The initial calibration of a sonar system should undoubtedly be a standard procedure undertaken at manufacturing time and therefore lies primarily under the manufacturer’s responsibility. Such a procedure includes multiple steps during manufacturing, and clearly not all manufacturers today provide enough details about their implementation and effects. Transducers and electronic modules should be measured in factory, as individual elements, in frequency response, angular directivity, level linearity, etc. for both transmission and reception. The overall response of the instrument should also be checked under factory conditions when practically feasible (e.g. very-high frequency systems in test tanks, on reference targets). Finally an overall calibration should be conducted once the sonar system has been installed on its carrier vehicle, as part of a sea-acceptance test (SAT) operation involving the customer’s technical team and operators.

Subsequent to the commissioning of a sonar, simplified calibration operations should be regularly conducted during the lifecycle of the system, and in particular prior to surveys specifically devoted to backscatter data acquisition, or where backscatter data are particularly important to overall survey objectives, akin to the current and well-accepted practice of bathymetric calibration of multibeam echosounders for hydrographic surveys (e.g. NOAA 2014). We recommend that field operators be trained for this specific purpose. Automatized and built-in test (BIST) functionalities greatly support the routine detection of unwanted changes in the system and facilitate such operations and therefore should be extended to include backscatter measurements. Importantly, regular and consistent overall calibrations should be conducted over reference seafloor areas, as well as cross-calibration with calibrated sonars for benchmarking.

We believe that the optimal practical solution for both initial and follow-up calibrations is through the use of a reference areas preliminary characterized using a calibrated sonar sensor. Ideally, these areas should be flat, smooth and geologically and acoustically homogeneous. They should be pre-surveyed in detail using a single beam echosounder calibrated within fisheries standards (Gueriot et al. 2000; Rice et al. 2015; Ladroit et al. 2017; Lurton et al. 2017). They should be ground-truthed and regularly monitored to check for stability. All the calibration results and modifications applied to the sonar should be accurately reported and recorded for future use and reference.

Acquisition procedures

Even though backscatter and bathymetry data are acquired using the same set of MBES arrays and electronics, the processing steps are distinct from each other. Unfortunately, optimal backscatter data acquisition requires specific settings that may differ from those required for optimal bathymetry data acquisition. Such settings include tools, pre-settings, and automated modes provided by manufacturers. Satisfactory acquisition of backscatter data implies that the correct settings for the signal amplitude dynamics are optimized to avoid both low signal-to-noise ratio and signal distortion and clipping due to saturation. This optimization is not systematically available in today’s systems. More generally, our recommendations are two-fold: constancy of acquisition settings and specific design of backscatter-dedicated surveys.
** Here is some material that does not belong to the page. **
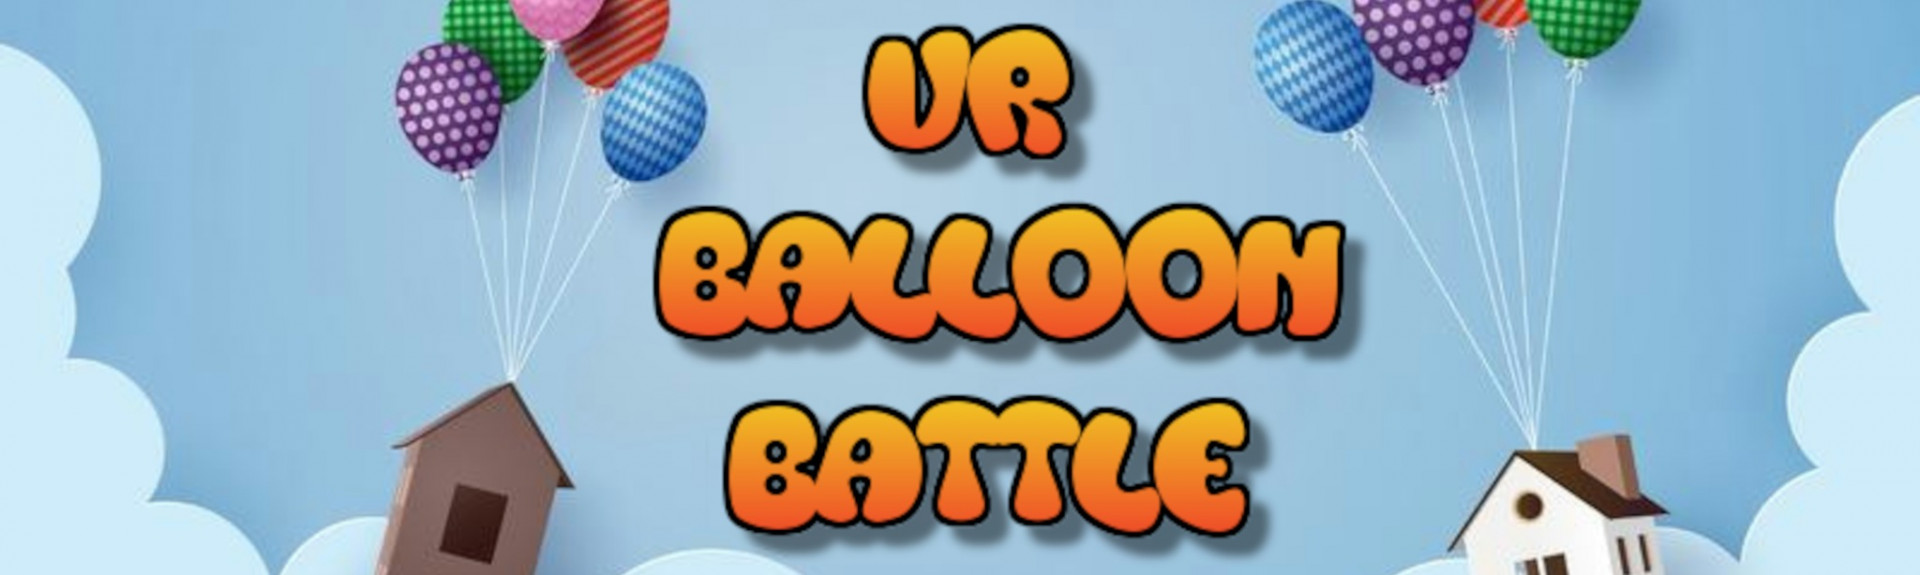 VR Balloon Battle

Constancy of acquisition settings

Acquisition settings should be kept as stable as possible, rather than using the varying, automated modes incorporated in many MBES today. Indeed most systems allow the operator to impose a single mode, optimized to the dominant conditions on a given survey, in order to minimize changes in source level, pulse duration, receiver gains, and directivity patterns that may critically affect the backscatter measurement. For the same reasons, the simplest system configuration should be chosen whenever possible (e.g. single transmitting (Tx) sector, continuous waves (CW) signals rather than frequency modulation (FM), etc.). However, such settings may not be optimal for simultaneous bathymetric data acquisition, and some compromise driven by the survey goals and priorities may be required.

Specific survey design

Dedicated backscatter data acquisition also implies specific survey design. Of particular importance is the system calibration, and hence the allocation of ship time devoted to it. While the swath coverage strategy is similar to a topography survey, i.e. drawing a network of parallel tracks with a few cross-lines, one main difference lies in the amount of coverage overlap controlled by the line spacing (Fig. 4). The backscatter data quality being lower at both ends of the swath and in its central part (due to specular echoes), line spacing must be setup to favour the intermediate angular range. A locally homogeneous quality of backscatter data can be obtained only if the specular sector is replaced by oblique insonification from overlapping swaths. Ideally, coverage should be limited to insonification angles between about 20° and 60° (Fonseca and Mayer 2007; Lamarche et al. 2011), hence substantially decreasing the survey efficiency with regards to bathymetry data (ranging from 0° to 75°). Some coverage redundancy provides the added advantage of insonifying each point on the seafloor from several incidence angles, which has strong potential in term of utilising this property of the backscatter signal for substrate characterisation (Augustin and Lamarche 2015; Lamarche and Augustin in prep).

Fig. 4
figure 4

Sketch of swath overlap where specular reflection and outer incidence angles (high and low angles—shaded) are covered by intermediate ‘stable’ incidence angles

In the case of repeated surveys over the same area, acquisition conditions should be as similar as possible (e.g., heading directions, survey line patterns, and sonar settings), in order to minimize the artificial variations of the sensor between the successive surveys. Attention should be given to understanding and controlling the impact of the signal absorption in the water column upon the echo intensity measurements. The weather conditions must be monitored carefully, since their impact on the backscatter data usually becomes significant before noticeably impacting the bathymetry data quality. All these constraints, specific to backscatter acquisition, potentially increase the survey duration and costs.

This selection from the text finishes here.